The National Bank of Hungary (MNB) is being viewed as unexpectedly dovish after its Monetary Council decided Tuesday to set a HUF 500 billion limit on the stock of three-month deposits, the central bankʼs main sterilization instrument, according to analysts. The base rate was left intact at 0.9%.
“A degree of further easing was offered by the MNB [yesterday], which could indicate that it is much more dovish than the market believed and clearly is willing to look through risks around inflation – indeed, we believe it is happy with a higher inflation environment to get more real HUF weakness,” London-based analysts of Japanʼs Nomura said in a flash comment sent to the Budapest Business Journal. Nomura admitted that the reduction came as a surprise as they had thought the cap would be less of a focus now and only adjusted to tightening liquidity in the banking sector in Q2.
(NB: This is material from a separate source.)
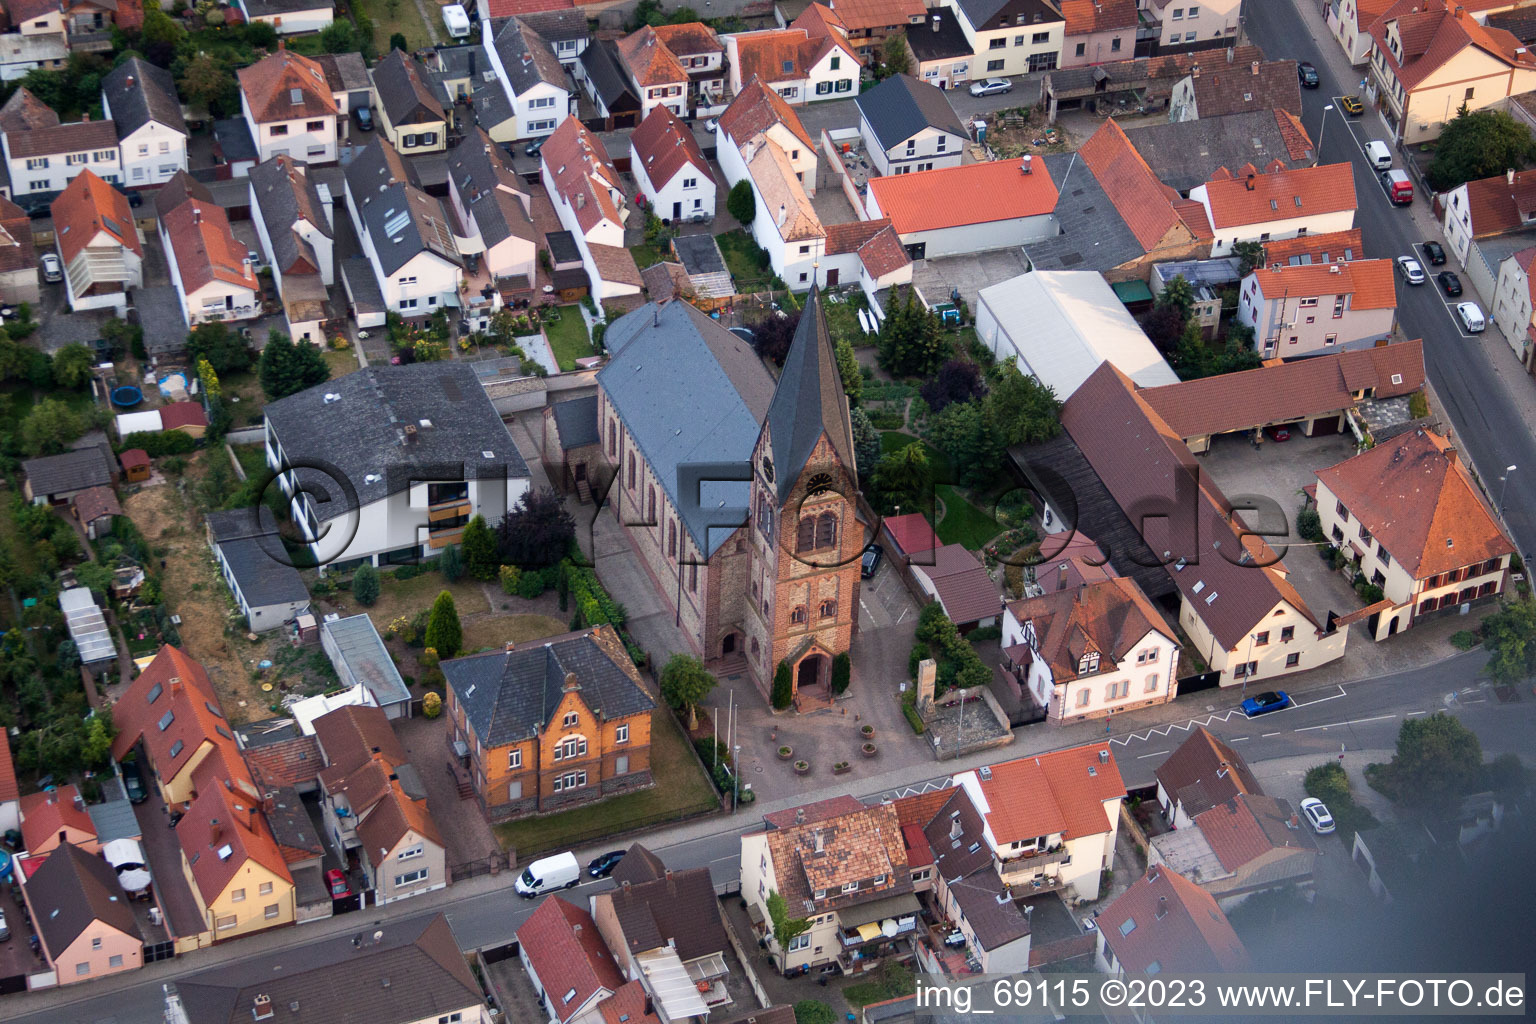 St. Lawrence in the district Bobenheim in Bobenheim-Roxheim in the state Rhineland-Palatinate, Germany
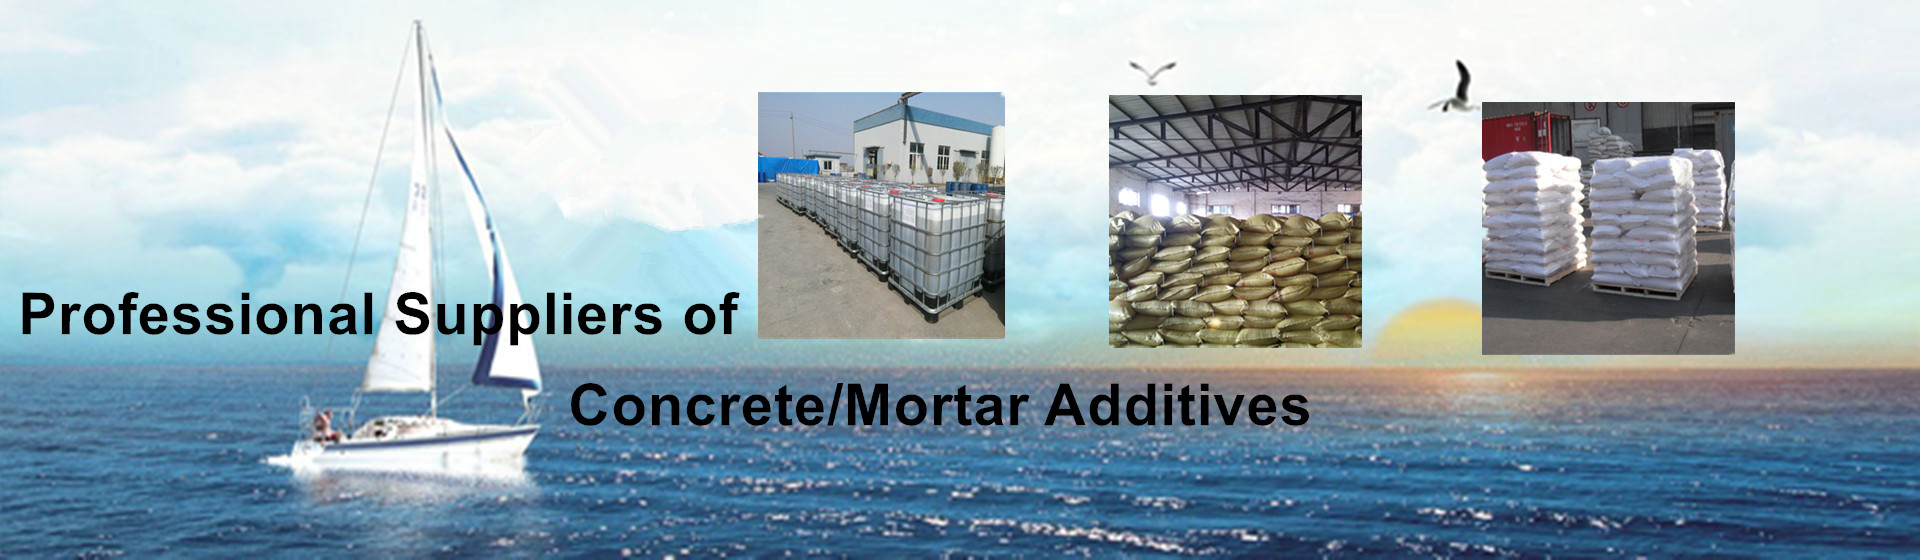 concrete mortar additives

CIB Hungary’s analysts also confirmed in a flash sent to the BBJ yesterday that the step was hardly expected.
“Regarding non-conventional measures, the quarterly announcement on the restriction related to the 3M depo facility was announced for Q2. The limit was set at HUF 500 bln, down from HUF 750 bln in Q1 2017. The change was slightly more significant than expected as suggested by market-based information. In addition, the MNB decided on the extension of its forint swap facilities with a 6M and 12M tool,” the CIB flash highlighted.
Overall, Nomura described the Monetary Council’s decision as signaling a very dovish attitude in the face of a marginal revision upwards of CPI expectations for this year and broadly unchanged other forecasts. “We think the MNB is signaling that it has no concern about inflation or the stability of its framework,” said Nomura analysts.
CIB Bank noted that the macro outlook of the central bank has remained unchanged, and was also underpinned by the freshly released CPI and GDP forecasts. Inflation is projected at 2.6% (slightly above the previous 2.4%) for 2017, while the 2018 forecast has remained unchanged at 3.0%. GDP forecasts have remained unchanged for both years (at 3.6% and 3.7%). Details will come on March 30 in the MNBʼs next Inflation Report, CIB noted.
Based on the communication of the Monetary Council and earlier MNB comments, CIB Bank said it expects the central bank to keep its base rate unchanged at 0.9% — as it did yesterday — for an “extended period,” probably as long as the end of this year, or even later. However, it added, “further unconventional measures are possible, though the room for maneuver has decreased and money market parameters closely watched by the MNB also do not support a rapid change. New lending programs are unlikely for the time being,” CIB Bank noted.